There are plenty of Blue Jackets who have failed to elevate their games, but they are not relied upon as much as Bobrovsky. He’s about to collect his second Vezina Trophy. And, unless the Jackets rally for four consecutive wins, Bobrovsky is about suffer his second first-round playoff exit at the hands of Crosby and Penguins.
Game 4 is Tuesday night at Nationwide Arena.
Bobrovsky sports a 2-7 post-season record against Pittsburgh. He probably would welcome a first-round matchup next year against anyone other than the Penguins and Crosby, the best player of his generation.
In winning two Stanley Cups, Crosby and Evgeni Malkin have abused their share of opposing goalies in April, May and June. But if the Blue Jackets intend to build on a franchise-best regular season, Bobrovsky probably will need to slay his black-and-gold tormentors. The current playoff format almost ensures early-round matchups with Metro Division heavyweights Pittsburgh and Washington.
Crosby, 29, and Malkin, 30, are in their primes. Crosby’s lethal linemates, Guentzel, 22, and Conor Sheary, 24, are still kids.
The Blue Jackets have a bright future as well with Zach Werenski, 19, Seth Jones, 22, and other emerging talents. But you can’t compete for the Cup without a goaltender who can steal you games in the postseason. Bobrovsky, 29, is capable of rising to that level, but he’s yet to prove it.
He made a terrible gaffe behind the net in Game 2, which led to the opening goal after the Blue Jackets had dominated much of the first period. He also couldn’t corral Malkin’s sharp-angle shot in the same game that produced the third goal in a 3-1 loss.
Bobrovsky operated with little margin for error in the first two games as the Jackets generated only one goal in each. That wasn’t the case Sunday as the series shifted to Nationwide Arena. Cam Atkinson scored 11 seconds into the contest and the Jackets held a 3-1 lead before the snow began to collect around Bobrovsky’s posts.
The Jackets’ game began to unravel, however, as the speedy Penguins rallied in the second period to tie it.
“When you get a lead like that in the playoffs, you have to find a way to lock it down,” center Brandon Dubinsky said. “We got on our heels in the second period.”
Neither Bobrovsky nor the Penguins’ Marc-Andre Fleury was particularly sharp. Both fought pucks throughout the game. Only one had to contend with Crosby, Malkin, Phil Kessel and Guentzel, who has four goals in the past two games, including a hat trick Sunday night.
The Penguins were diabolical in creating offense from behind the goal line. How many times did pucks ricochet off the end boards and carom into areas of menace? Guentzel banked one shot into the net off Bobrovsky.

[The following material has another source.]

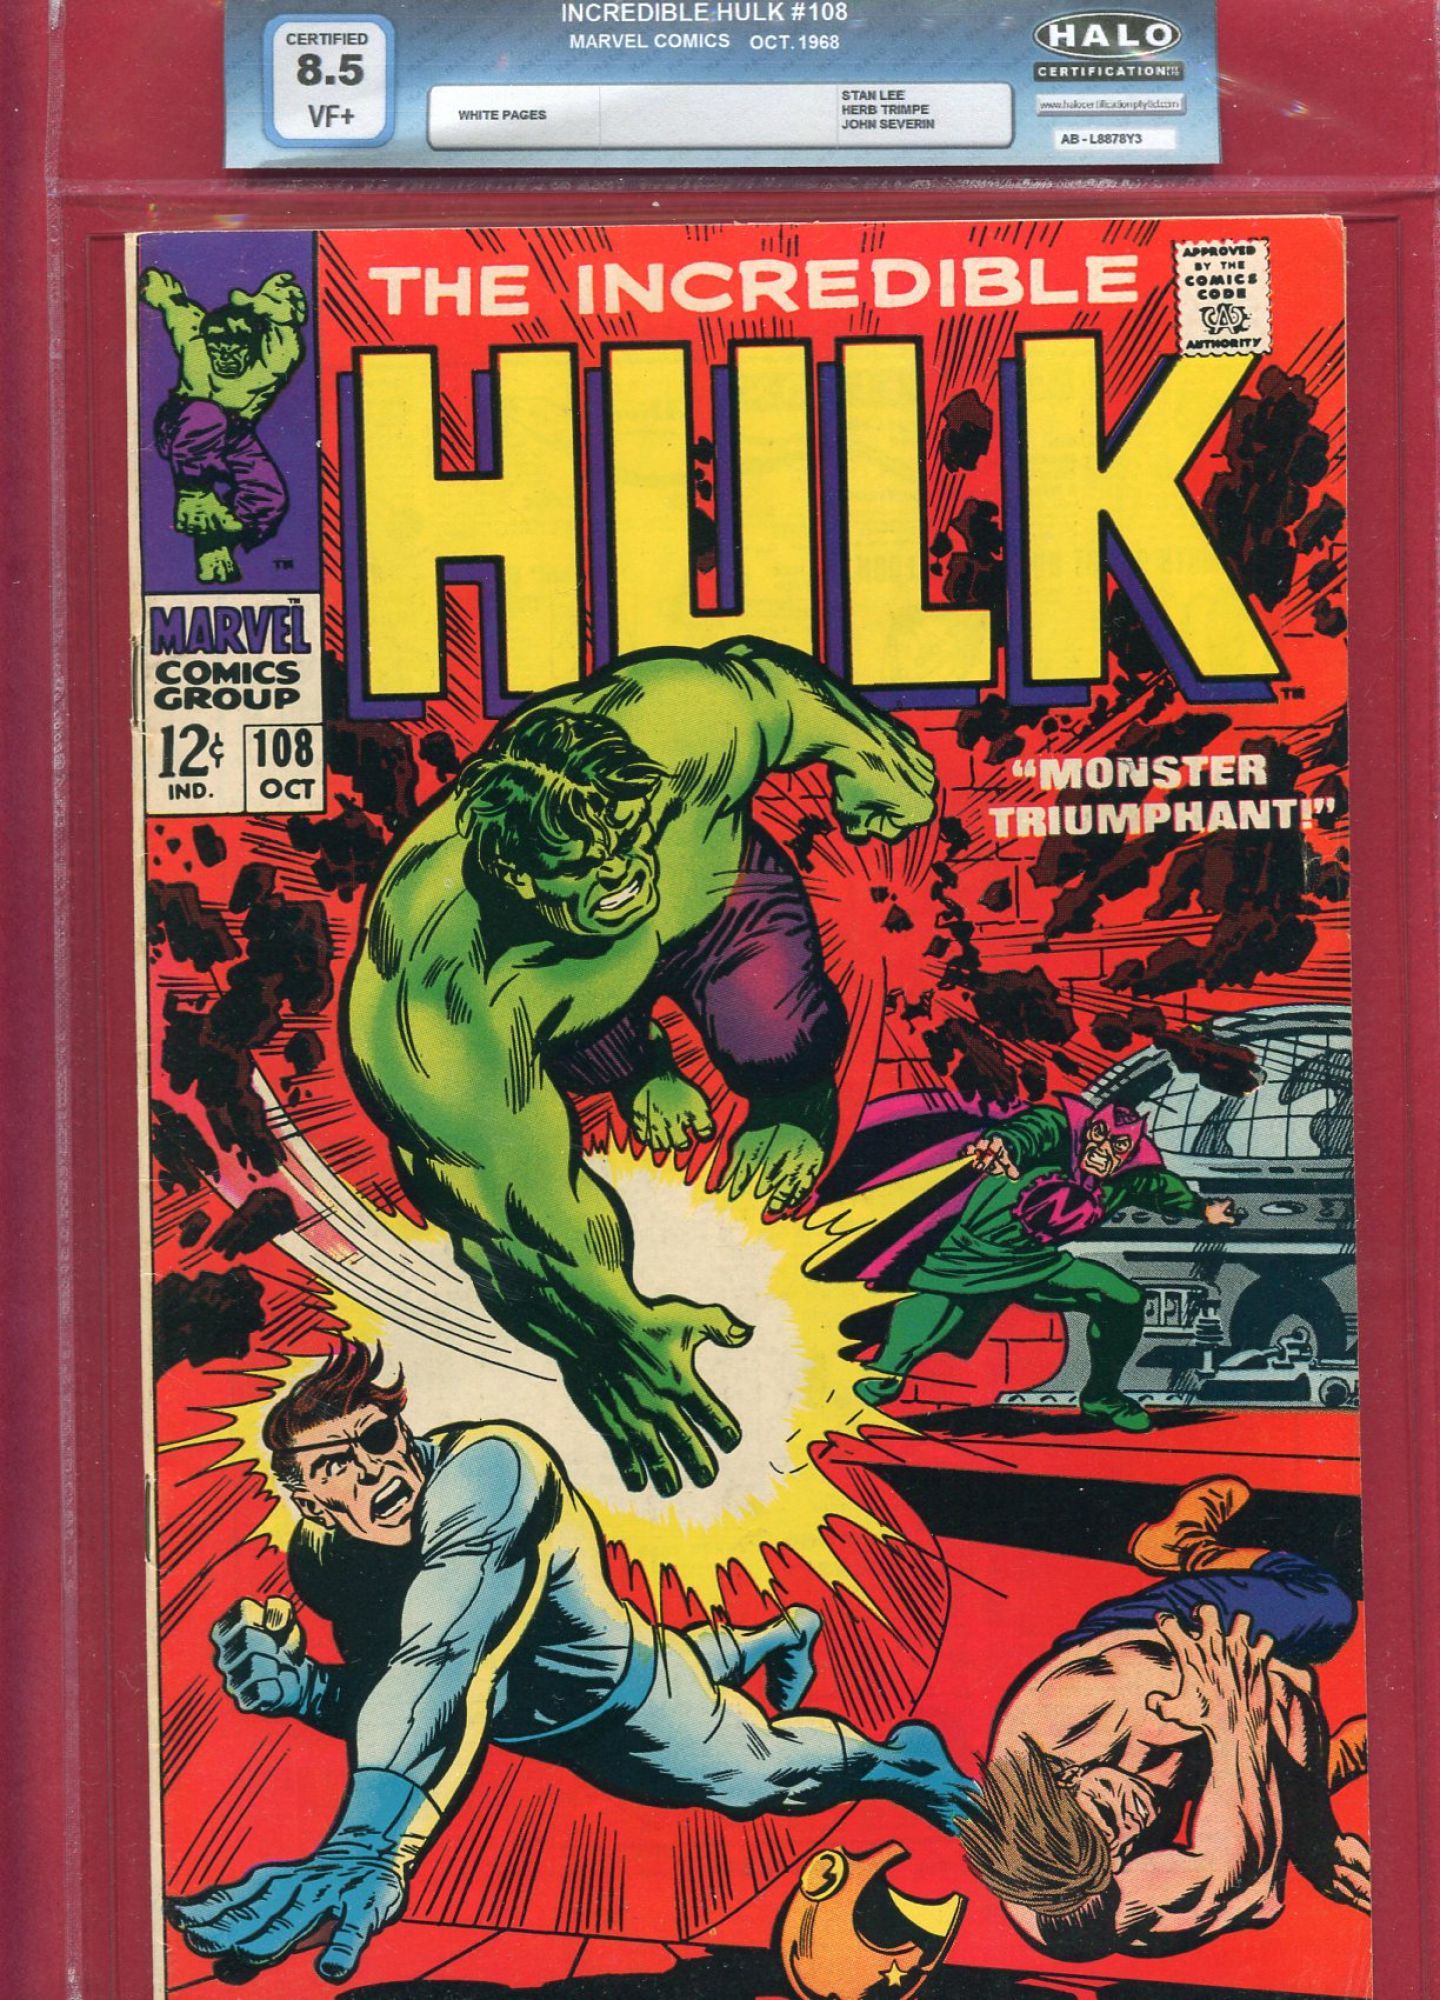 Incredible Hulk #108, Oct 1968, 8.5 VF+ Halo Soft Slab

It’s not that Bob hasn’t made big saves in the series. He just hasn’t made enough of them. He’s not resembled the goalie who had shooters muttering to themselves en route to 41 regular-season wins and a sterling 2.06 goals against average.
Bobrovsky has enjoyed a wonderful bounce-back year. He’s been healthy and heroic – the team’s MVP by a wide margin. His reward was a playoff date with the worst-possible opponent, a defending Cup champion starting to hit its stride.
The Penguins are the better team. They have an array of gifted playmakers. The series probably ends in one of the next two games.
What the Jackets want for Bobrovsky is to play well Tuesday night and again Thursday. They want him to feel good about some playoff performances. When the Jackets are truly ready to contend, they will require a goalie worthy of raising a trophy other than the Vezina.